In October, Coleman filed a lawsuit against Roblox, a popular gaming platform, saying it created a playground for predators to distribute child abuse material and groom juvenile victims.
He accused Roblox of violating the state’s Consumer Protection Act through deceptive and unfair practices by misrepresenting the platform’s safety and concealing risks.
The Kentucky lawsuit was the second of its kind, after Louisiana, whose attorney general filed a civil action against the company in August.
“In this job, you go to where the threats are, and whether that threat is the increasing amounts of fraud in this space, or whether that is platforms like Roblox and TikTok and the social media space, or whether it’s violence in Louisville, you go to where the threats are,” Coleman said.
Two other lawsuits filed by Coleman’s office helped Kentucky secure settlement funds related to businesses’s roles in the opioid epidemic.
In January, Coleman announced Kroger Pharmacies agreed to pay $110 million to Kentucky.
The settlement came after Coleman filed the suit in February 2024, just one month into his tenure as attorney general. He alleged that between 2006 and 2019, more than 100 Kentucky Kroger pharmacies were responsible for more than 11% of all opioid pills dispensed in the state.
And in June, Coleman announced an additional $73 million settlement from Purdue Pharma, for their part in the opioid epidemic.
The settlement was the result of a national lawsuit against the pharmaceutical company that created OxyContin. It’s the second-largest sum of settlement money secured under Coleman.
At that time, the total amount secured by Kentucky in opioid lawsuit settlement money was $1.07 billion.
Collaboration with law enforcement
In January, Steven Sheangshang, 47, was sentenced to life in prison for the May 2023 fatal shooting of Scott County Deputy Caleb Conley during a traffic stop.
Coleman said the decision of his office to not pursue the death penalty came after consultation with prosecution, law enforcement and the Conley family, who did not want to drag out legal proceedings.

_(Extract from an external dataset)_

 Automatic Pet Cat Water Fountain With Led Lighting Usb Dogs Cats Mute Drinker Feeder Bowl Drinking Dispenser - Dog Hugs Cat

“At the beginning of this year, I sat in a courtroom in Georgetown as we prosecuted the killer of Caleb Conley, a young deputy that gave his life on the side of I-75; we prosecuted that case,” Coleman said. “We were able to achieve life without possibility of parole, plus 70 years.”

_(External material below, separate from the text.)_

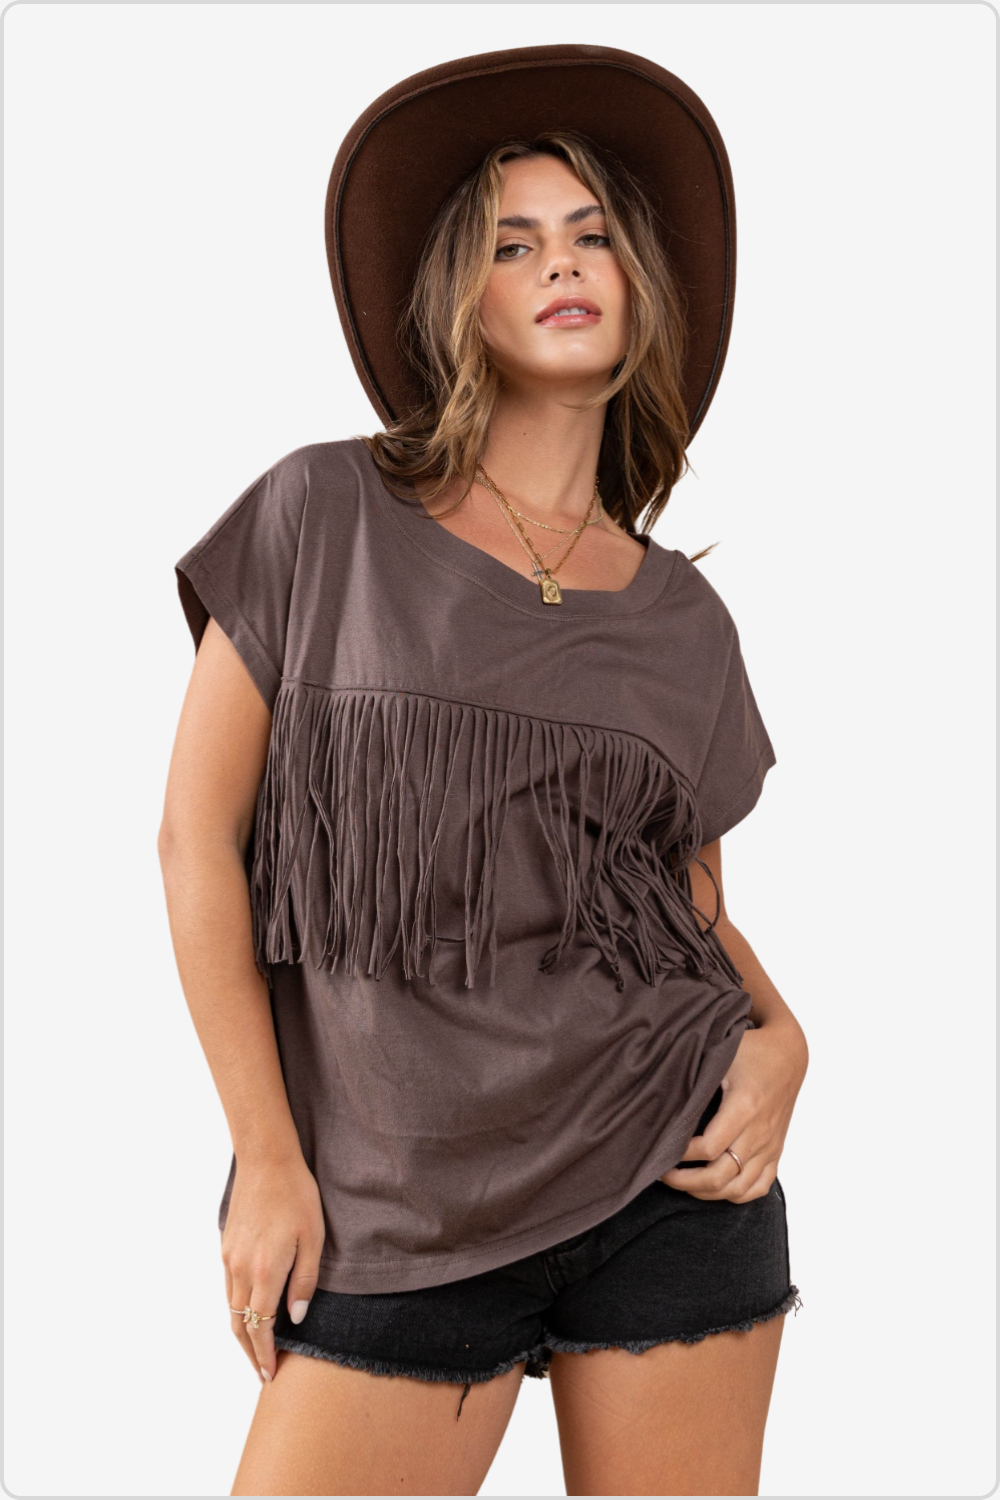 Chic fringe detail round neck short sleeve top, perfect for any look, front view

And in the final weeks of 2025, Coleman received a text message from Scott County Sheriff Jeremy Nettles, that contained a photo of a shield with two scuff marks on it.
Nettles told Coleman body shields the AG’s office helped secure saved the lives of two deputies in a stand-off.
It was a full-circle moment for Kentucky’s top law enforcement official, who said it showed how his office can collaborate with law enforcement.
The armor was supplied when a deputy told Coleman 20% of law enforcement do not possess proper equipment.
Coleman went before the Kentucky legislature, which approved $15 million in funding for a body armor program that supplied 2,400 Kevlar vests and 14,000 pieces of equipment such as shields, plates and helmets.
“One of those shields saved the life of a couple of sheriff’s deputies, in the same sheriff’s office that lost a deputy,” Coleman said. “That’s what I’m most proud about. This job is about supporting the men and women of law enforcement as the chief law enforcement officer, and zealously collaborating and being focused on the mission.”